Inside the sandbox, dockerd creates its own docker0 bridge. Container-to-container networking, port publishing inside the VM (docker run -p 8080:80 ...), and DNS for container names all work normally. The bhatti-level publish (bhatti publish dev -p 8080) targets the sandbox’s host-side port; if a container binds to 0.0.0.0:8080 inside, it’s reachable.

SymptomCauseFix
docker run hangs / dial unix /run/systemd/private in logsdaemon.json missing or wrong cgroup drivercat /etc/docker/daemon.json should say cgroupfs; if not, write it and systemctl restart docker
docker buildx: unknown commanddocker-buildx-plugin not installed (very old image)sudo apt-get install -y docker-buildx-plugin or sudo bhatti update --tiers docker on the server
tonistiigi/binfmt --install all reports success but cross-arch builds fail/proc/sys/fs/binfmt_misc not mounted (very old lohar)Verify with `mount
permission denied on /var/run/docker.sock from bhatti execsocket mode regressed after systemctl restart docker and ExecStartPost didn’t firesystemctl status docker to confirm active; if active but socket is 0660, the drop-in is missing — check /etc/systemd/system/docker.service.d/bhatti.conf
docker run … fails with iptables errorsalternatives switched to nftre-set to legacy (see Networking)

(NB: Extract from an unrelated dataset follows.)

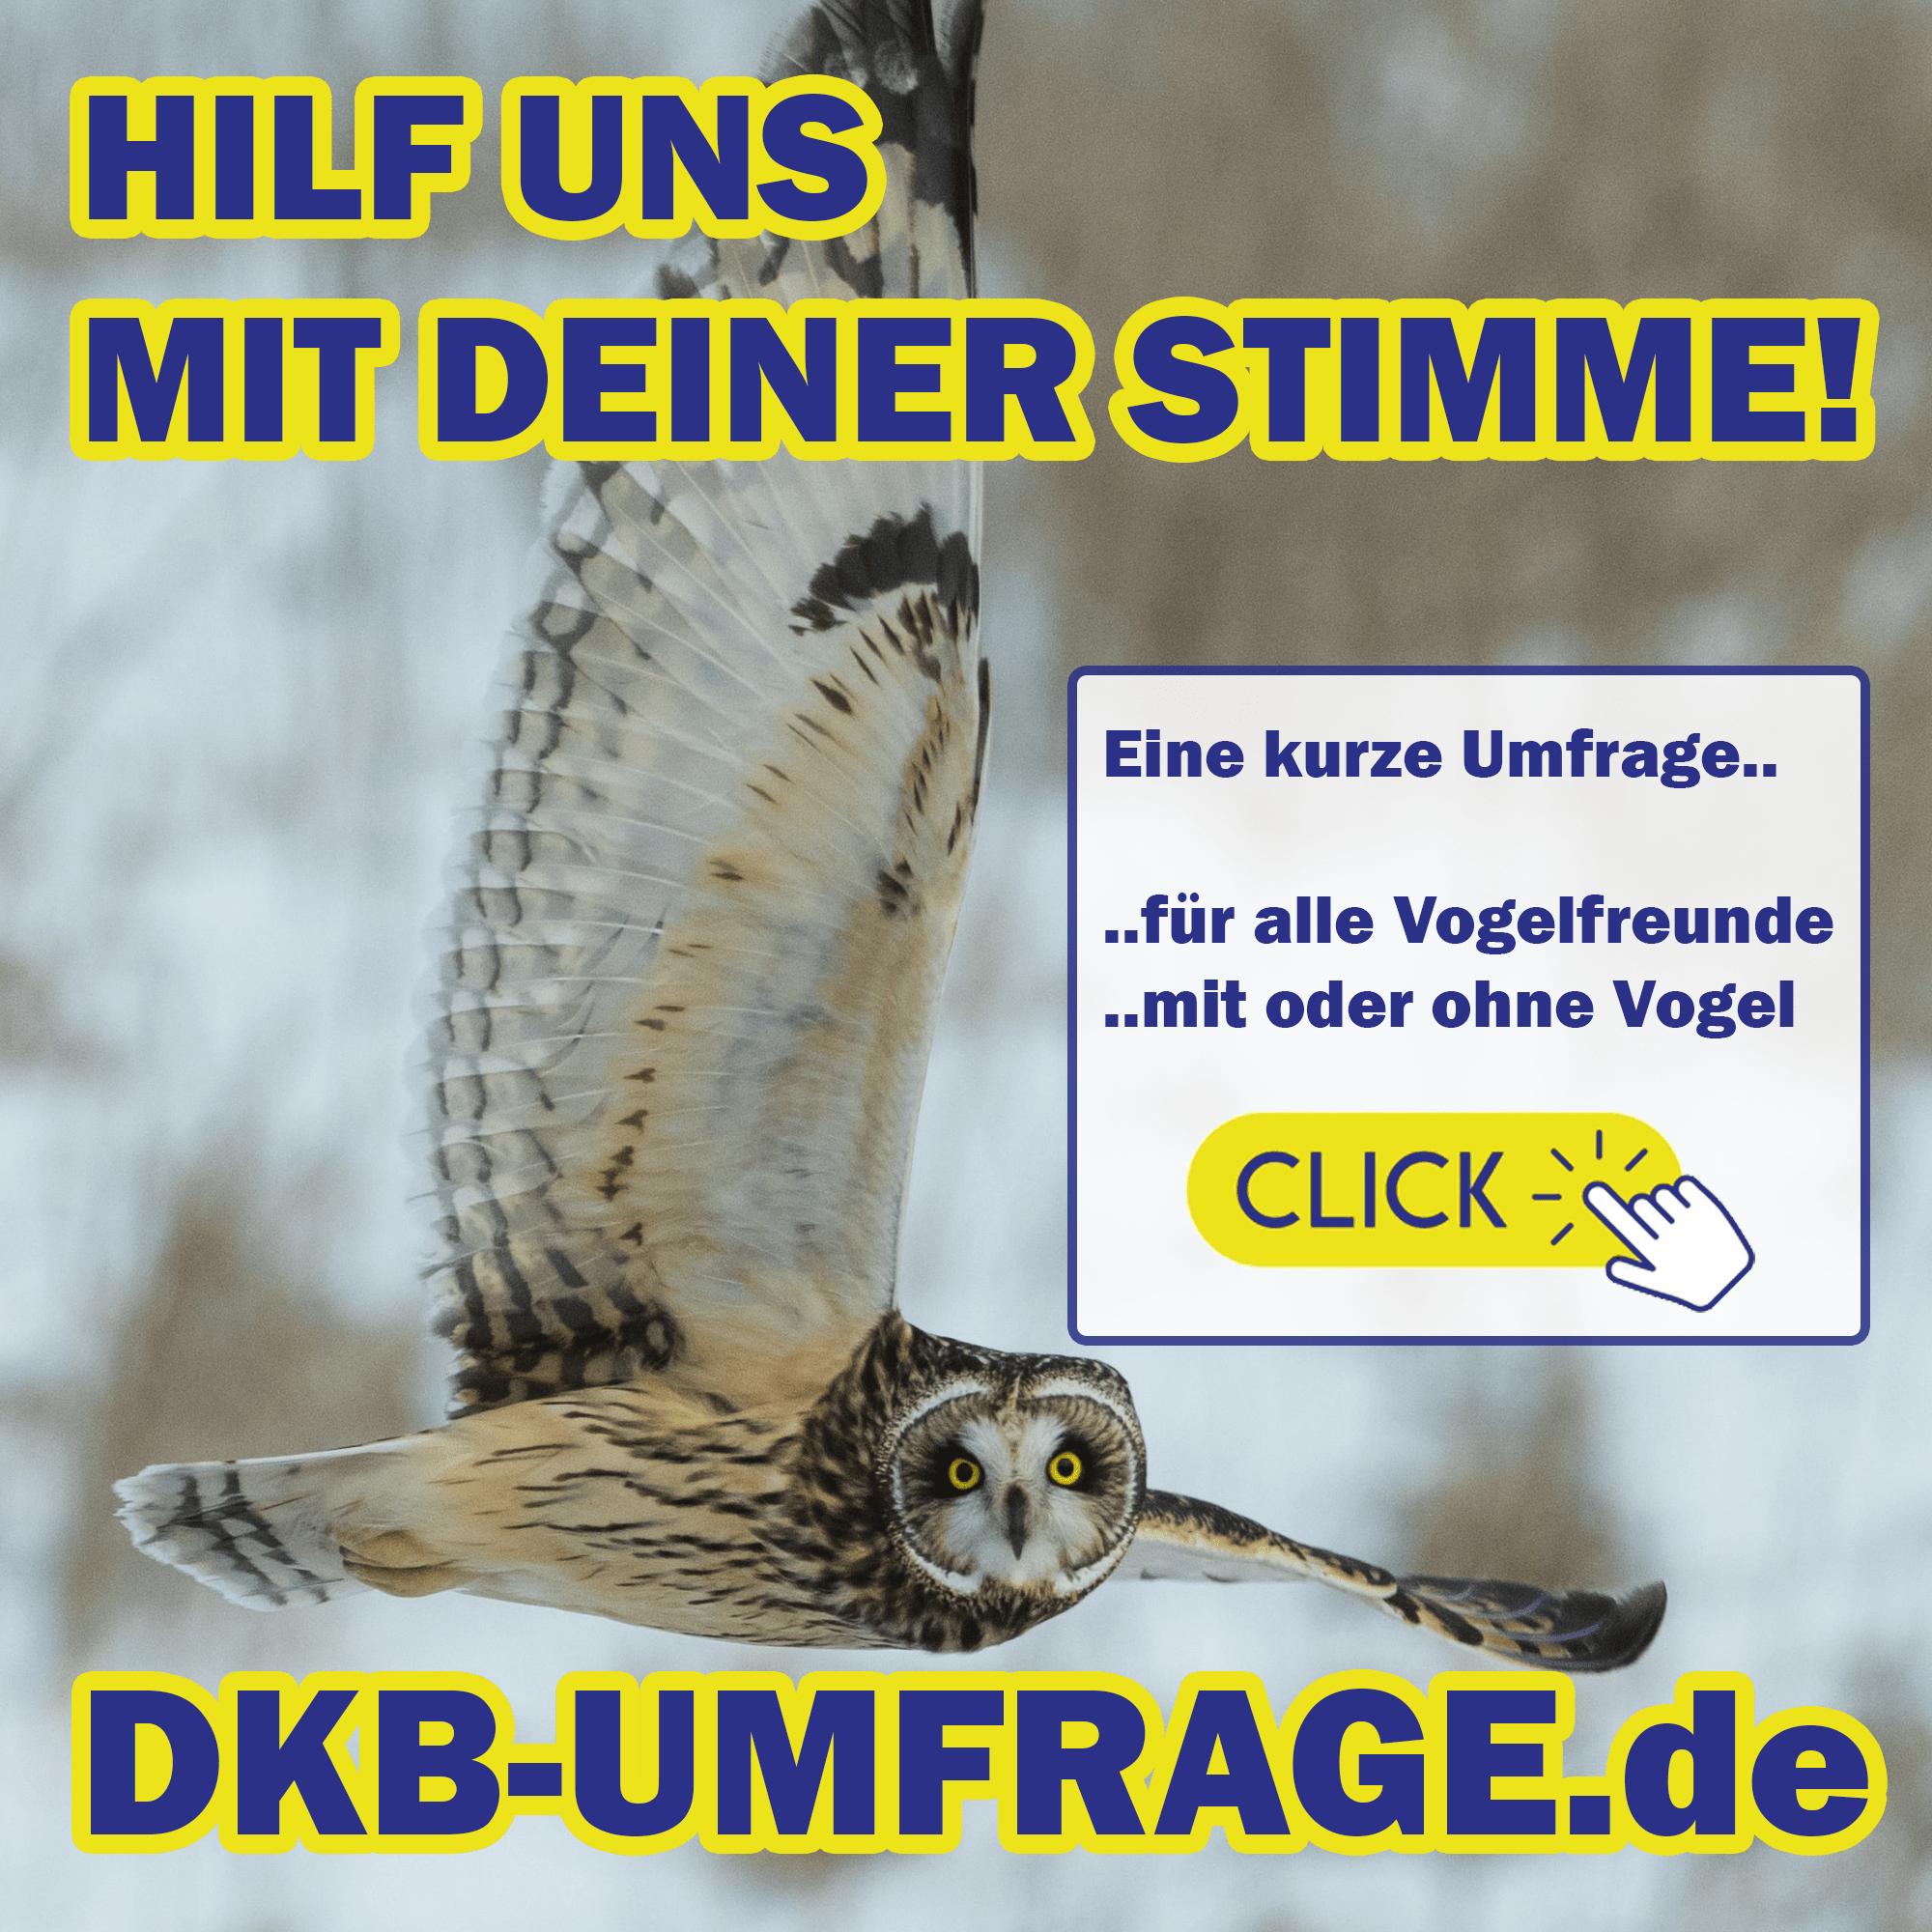 DKB Umfrage 12

Cross-arch container runs but exits with exec format errorqemu handler not registered for that archre-run tonistiigi/binfmt --install all; check ls /proc/sys/fs/binfmt_misc/ for qemu-<arch>
docker.service repeatedly entering “activating”dockerd not sending READY=1 (Type=notify) — usually a containerd issuesystemctl status containerd; check journalctl -u containerd
Workload--cpus--memory
docker run of small images (hello-world, alpine tools)22048
Light compose stacks (3–5 small services)2–42048–4096
buildx build of a typical app image44096
Cross-arch buildx build with qemu emulation44096–8192
Heavy CI builds (large dependency graphs, native compilation)88192+

Memory matters more than CPU for most builds — overlayfs page cache, build context, and intermediate layers all live in the guest. dockerd itself runs comfortably in 256 MB; anything above that is your workload.